Von der Verbindungsstelle zwischen diesen beiden Widerständen wird der Basis des
Transistors 25 ein Signal zugeführt; das andere Ende des Widerstandes 28 liegt am
negativen
Pol einer Vorspannungsquelle - V1. Das Ausgangssignal
des Begrenzers 21 wird am Kollektor des Transistors 25 abgenommen, der über einen
weiteren Widerstand 29 ebenfalls an der gleichen negativen Vorspannungsquelle -
V1 liegt.
-
Im Betrieb ist das Eingangssignal des Begrenzers 21 normalerweise
negativ, derart, daß die Basis des Transistors 25 auf einem negativen Wert gehalten
wird, so daß die Kollektor-Emitter-Strecke leitend ist und die Ausgangsgröße des
Begrenzers 21 daher nahezu den Wert Null hat.
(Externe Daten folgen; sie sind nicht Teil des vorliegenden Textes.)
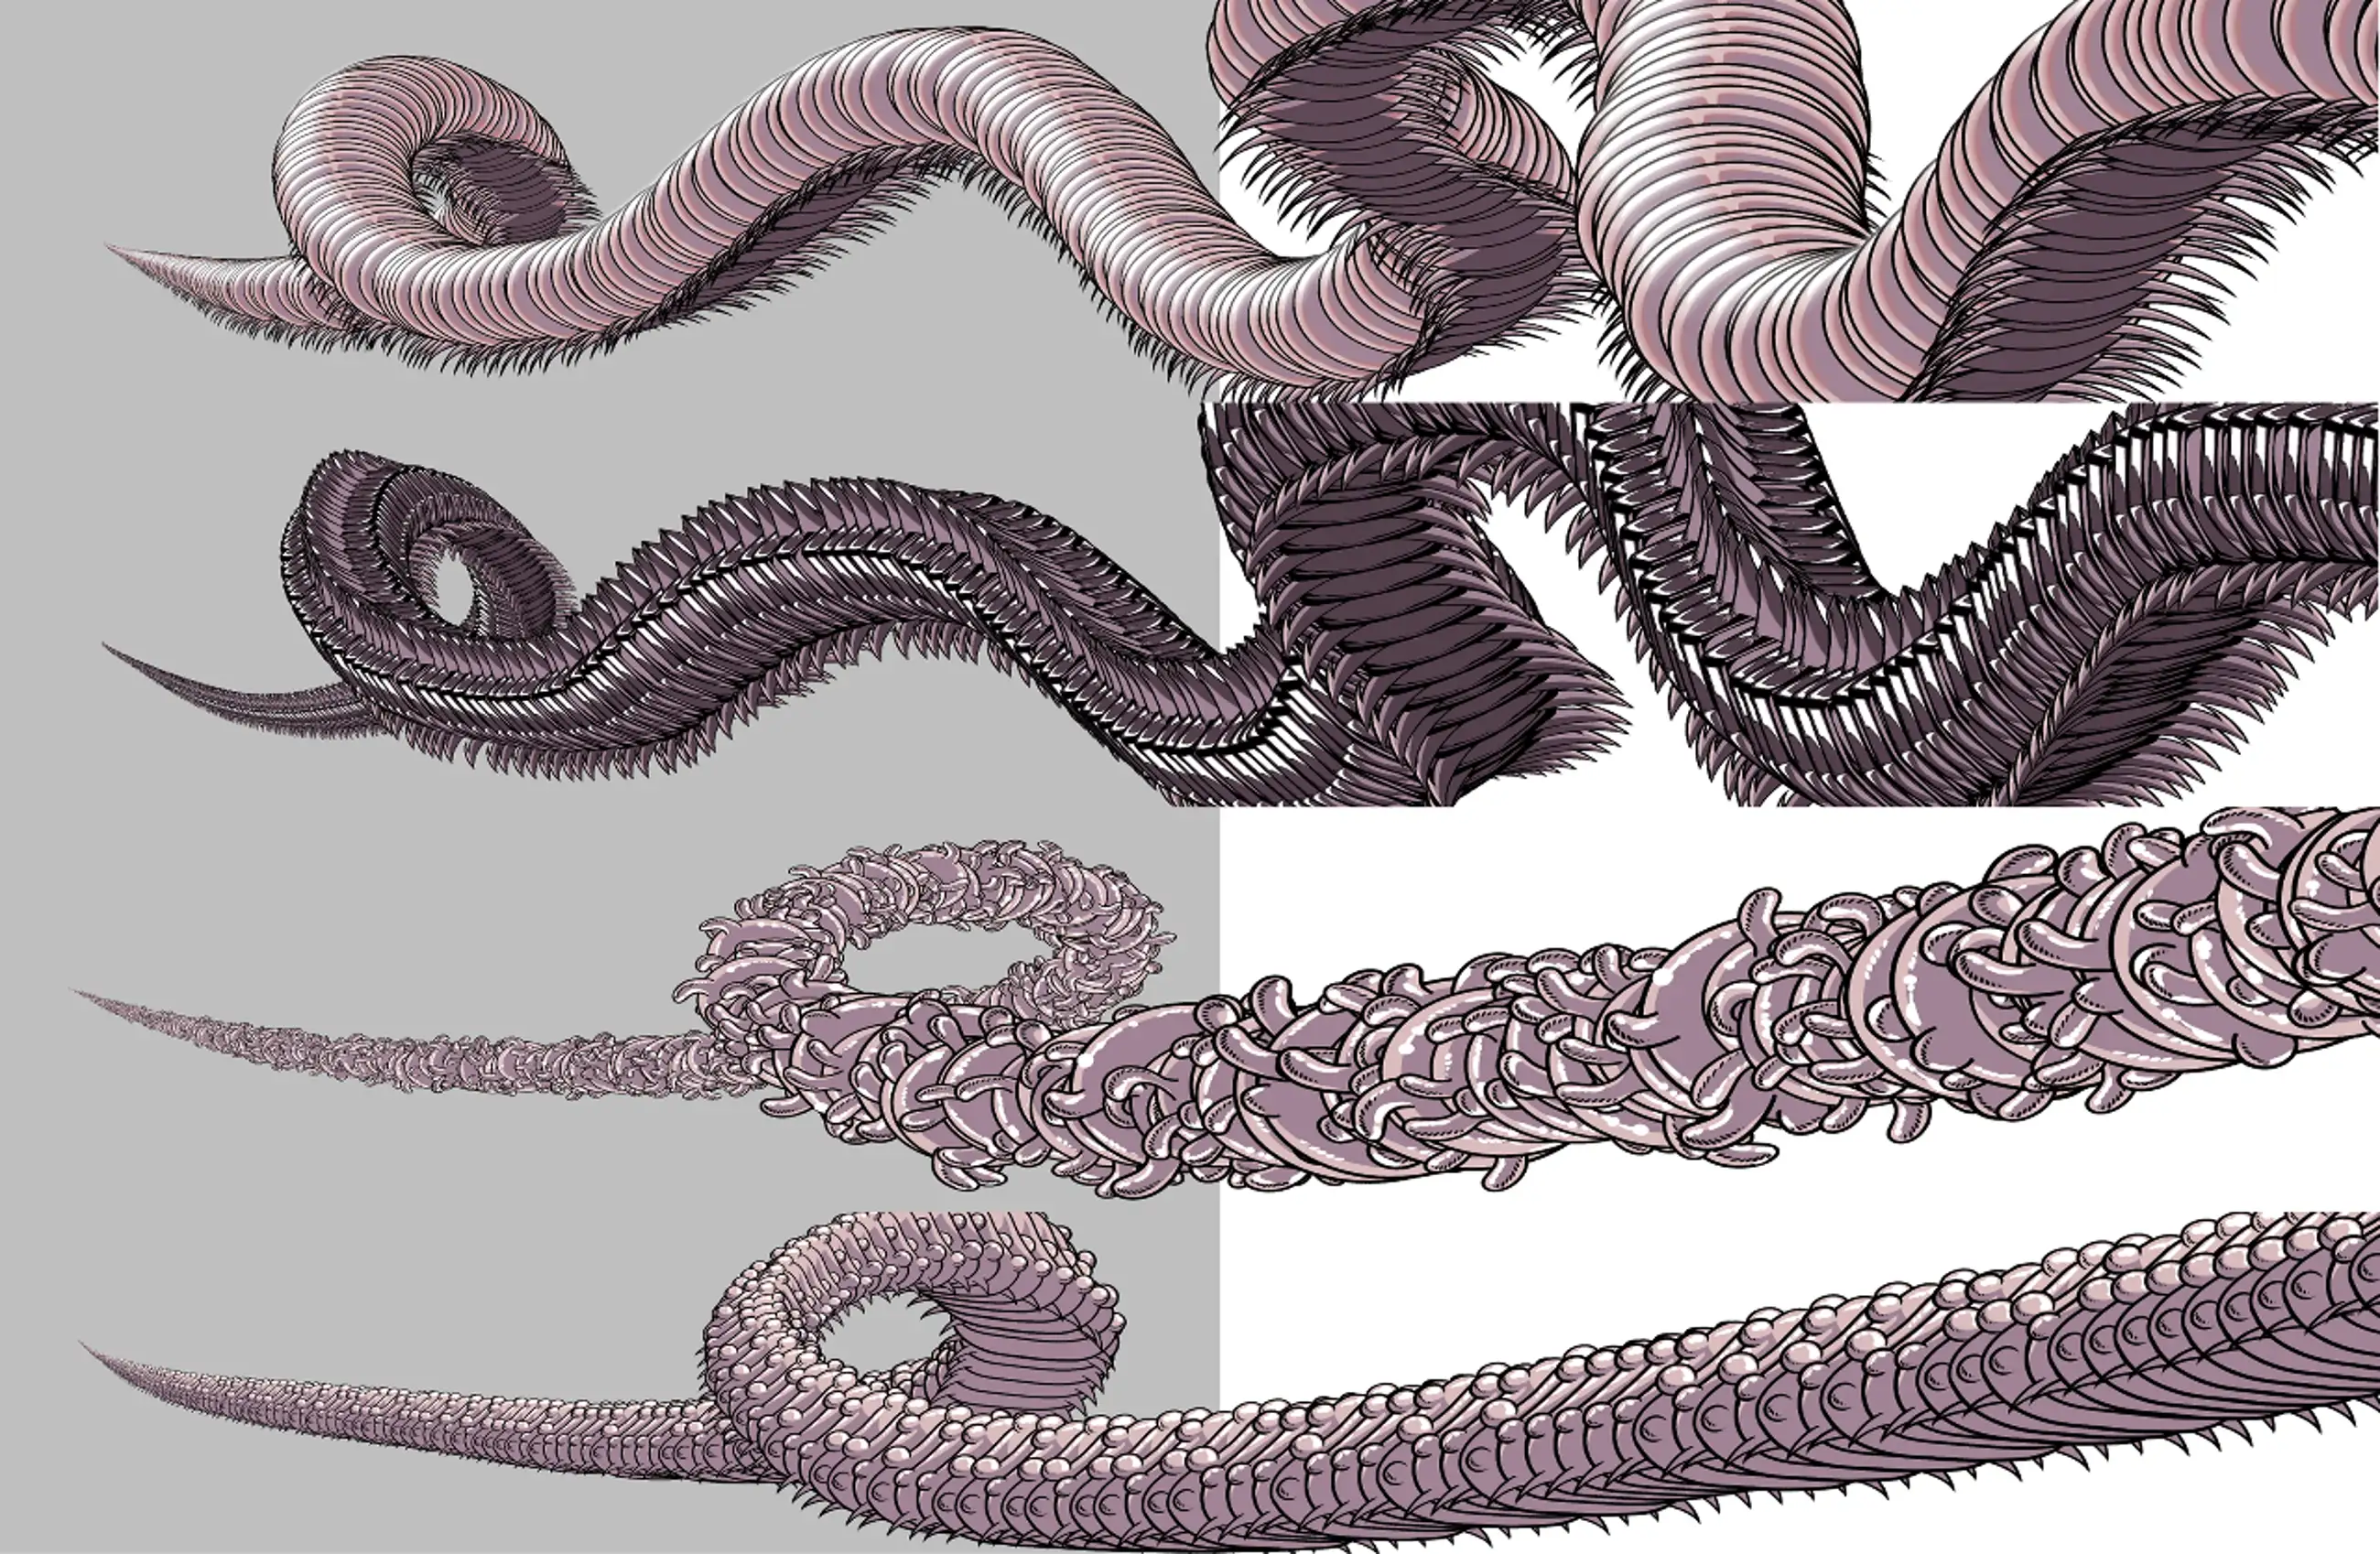 Collection of tentacle & monster creative brushes!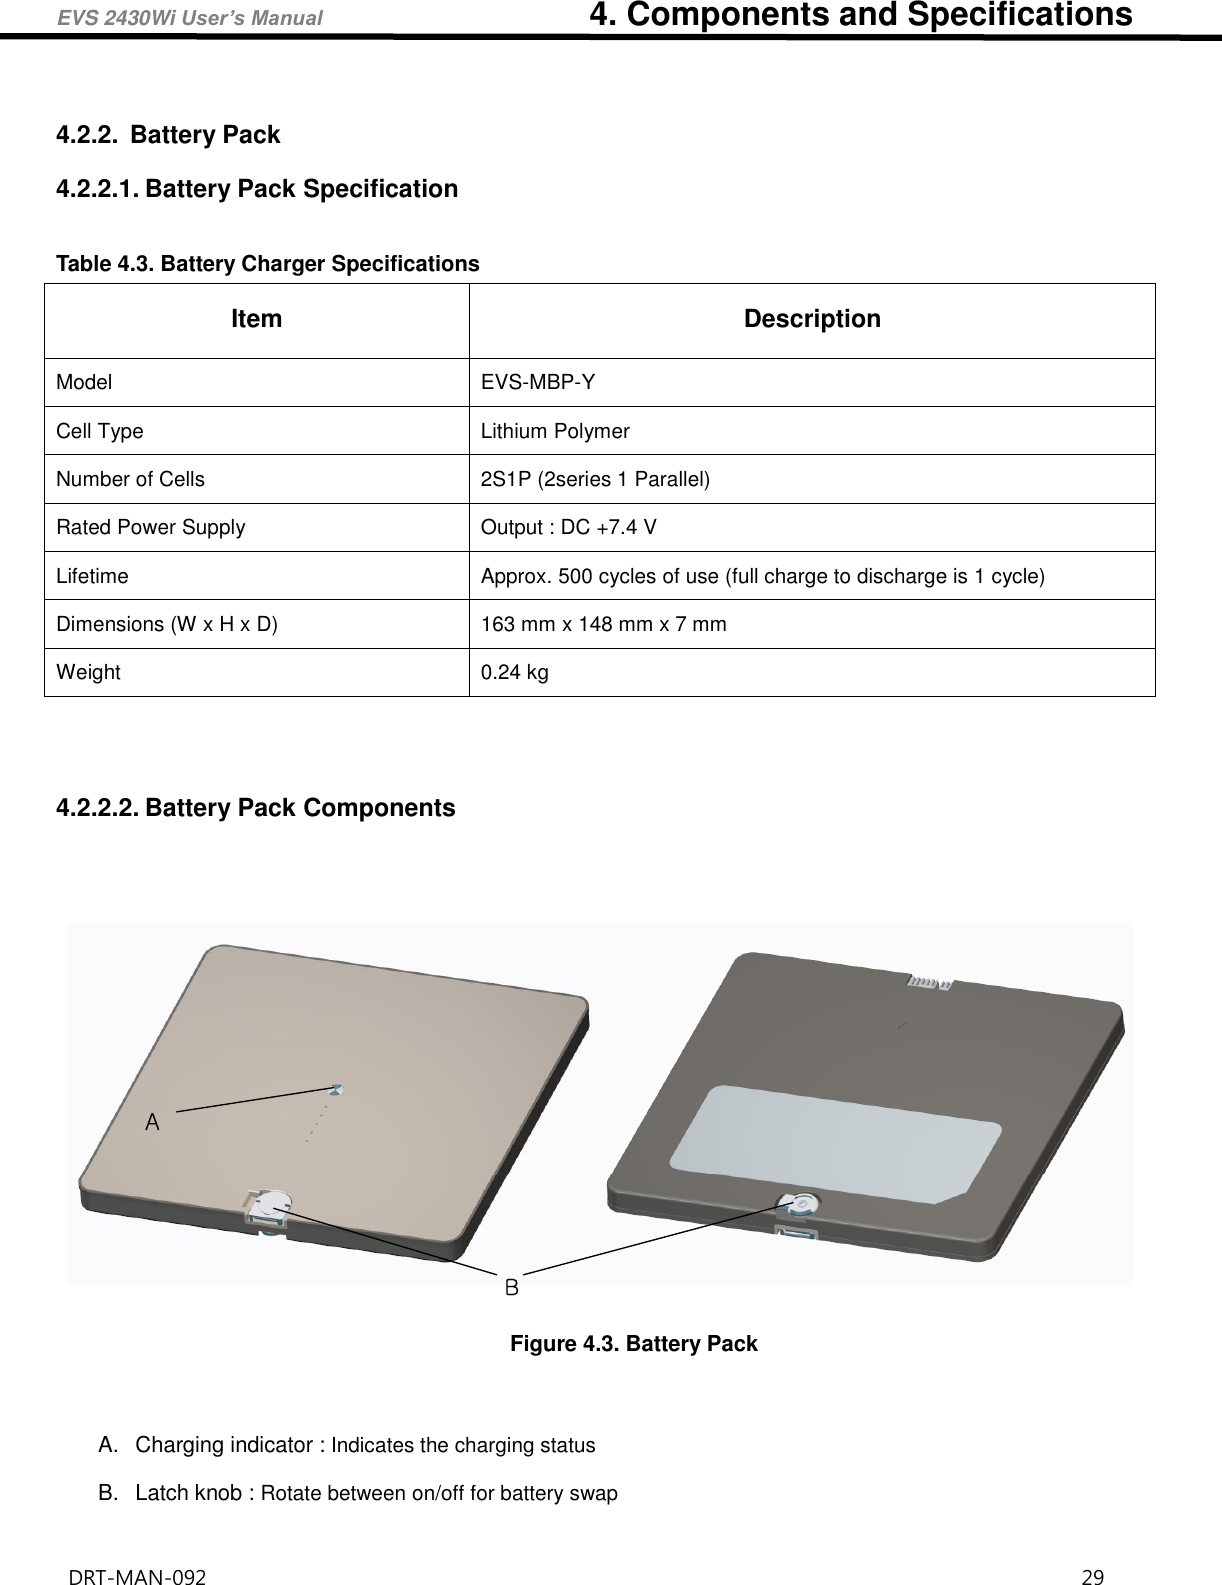 EVS 2430Wi User’s Manual                                4. Components and Specifications DRT-MAN-092                                                                                    29    4.2.2.  Battery Pack 4.2.2.1. Battery Pack Specification  Table 4.3. Battery Charger Specifications Item Description Model EVS-MBP-Y Cell Type   Lithium Polymer     Number of Cells 2S1P (2series 1 Parallel) Rated Power Supply Output : DC +7.4 V   Lifetime Approx. 500 cycles of use (full charge to discharge is 1 cycle)   Dimensions (W x H x D) 163 mm x 148 mm x 7 mm Weight 0.24 kg     4.2.2.2. Battery Pack Components    AB Figure 4.3. Battery Pack    A.  Charging indicator : Indicates the charging status  B.  Latch knob : Rotate between on/off for battery swap

Sobald dem Transformator 15 der die
Zündung der Röhre V steuernde positive Gitterimpuls zugeführt wird, kann, entsprechend
dem Verhältnis der Widerstandswerte der Widerstände 27 und 28 und der Vorspannungspotentiale
in der Schaltung, die Basis des Transistors 25 ein positives Potential annehmen,
dessen Wert durch die Wirkung der Diode 26 begrenzt wird, aber zur Sperrung des
Transistors ausreicht. Unter diesen Umständen sinkt das Ausgangssignal des Begrenzers
21 auf den niedrigen Wert - V, ab, d. h., es wird stark negativ.
-
Der Begrenzerverstärker 22 weist ähnliche Schaltelemente wie der Verstärker
21 auf und liefert in entsprechender Weise ein Ausgangssignal, dessen Wert normalerweise
nahezu Null ist, das jedoch einen stark negativen Wert anzunehmen sucht, sobald
von der Röhrenschaltung ein überschußspannungs-Eingangssteuersignal zugeführt wird.
-
Der UND-Detektor 23 besteht lediglich aus einer Diode 30. Im Falle,
daß das Ausgangssignal des Begrenzerverstärkers 22 in der vorstehend beschriebenen
Weise stark negativ zu werden beginnt, wird die Diode 30 dies verhindern, sofern
der Transistor 25 sich in seinem leitfähigen Zustand befindet. Falls jedoch die
Ausgangsgröße des Begrenzers 21 ebenfalls stark negativ ist, wird die Diode 30 unwirksam.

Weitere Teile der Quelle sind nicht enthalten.